Apart from the main characters

of Warchild, I was enchanted by

lots of Cartmel’s lovely – albeit

slightly cynical – touches. Lovely

scenes that see Roz and Benny

casually sipping champagne as

their aircraft loses altitude and

panic engulfs their fellow airline

passengers. Some of it is almost

soapy - particularly the Justine /

Creed / Amy domestics - but rather than detract from the story these elements only add to the richness of it. There are superb supporting characters like Jessica, the air stewardess who loses her fiancé, and Stanmer, Creed’s arsehole colleague - at times it’s easy to forget you‘re reading a Doctor Who novel. If anything, Warchild is more relatable than Warhead or Warlock despite being set further into the future because it focuses so much on the human element rather than ‘cyberpunk’. Some may construe that as a criticism, but they shouldn’t. This novel expands the canvas rather than betrays it.


The only real downside to Warchild is that its heroes are largely absent. Admittedly this was the case with both of Cartmel’s previous Doctor Who novels, but not to this degree.
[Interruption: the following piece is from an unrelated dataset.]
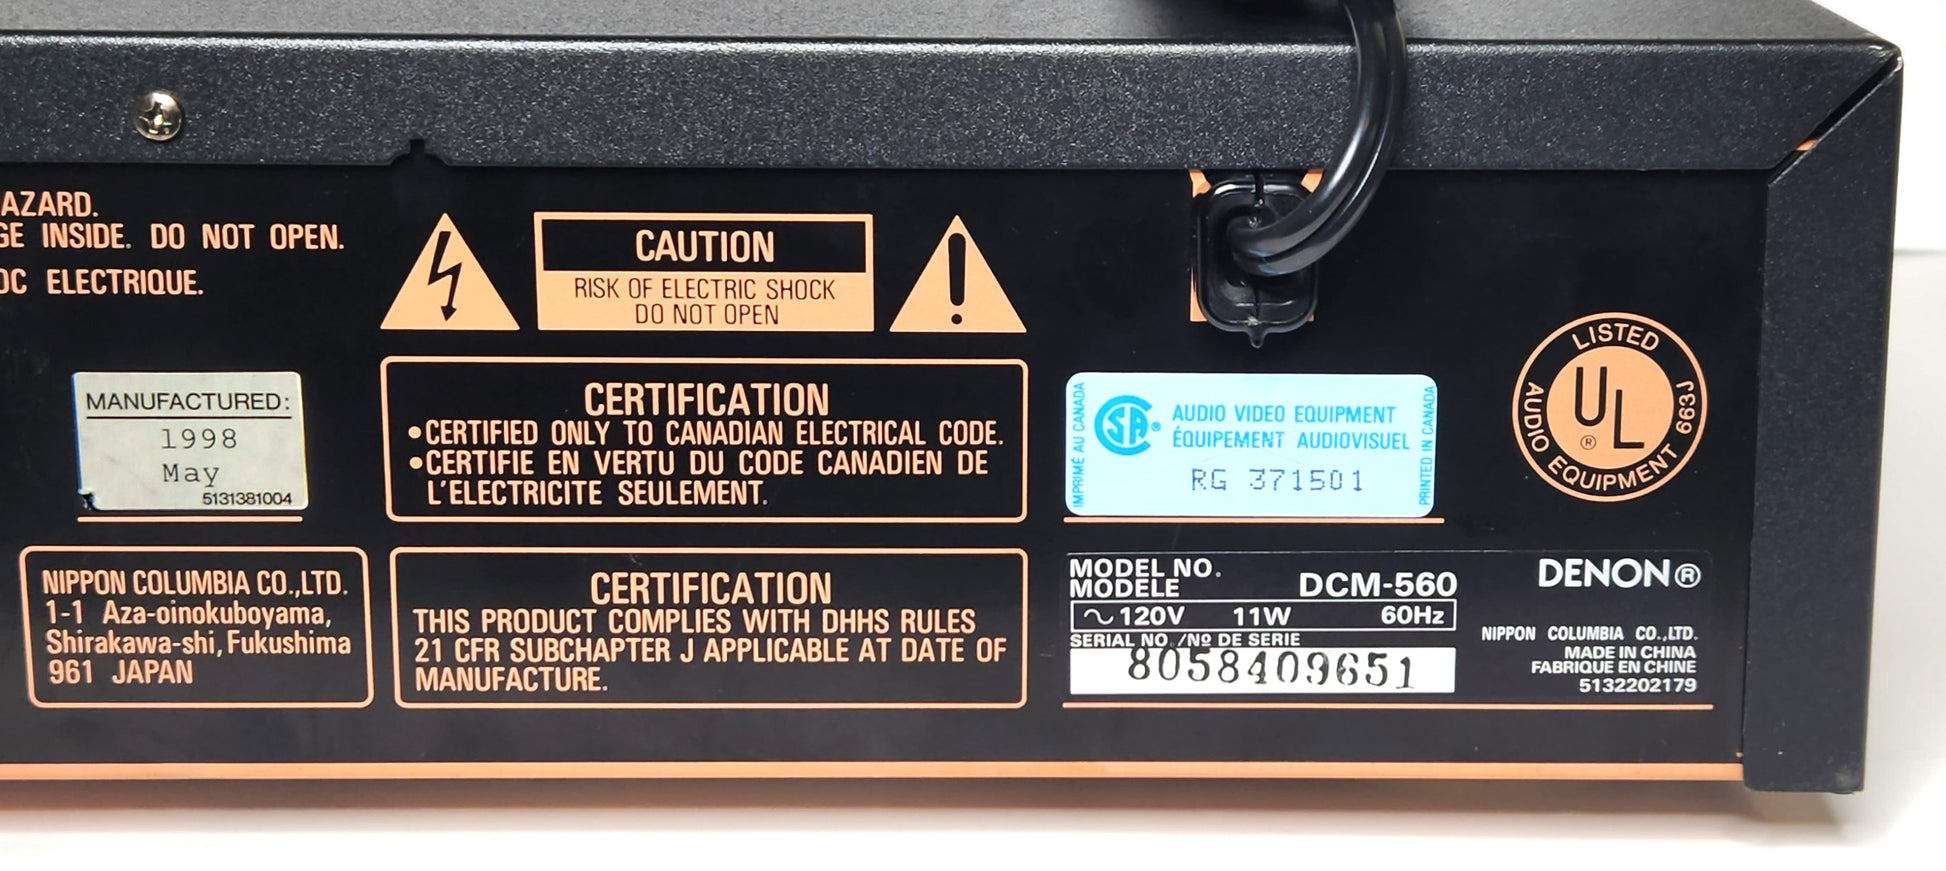 Denon DCM-560 5-Disc Carousel CD Changer - Label

Even the Doctor’s companions have very  little to do in this novel; Benny barely makes an appearance after the first few chapters, and Chris’s role is very small indeed. The Doctor himself appears only right at the death, and even there he plays a much less significant role than one would expect in setting things right. But maybe that’s the point of this book. Maybe the Doctor is just the nexus that things happen around. Maybe he’s the alpha male...


On the whole, Warchild is an intense novel that I would heartily recommend to anyone, even non-Who fans. Especially non-Who fans, in fact. Cartmel’s whole New Adventures trilogy is a phenomenal piece of work: vicious and spiky, terrifying, and, in the end, perhaps even a little profound.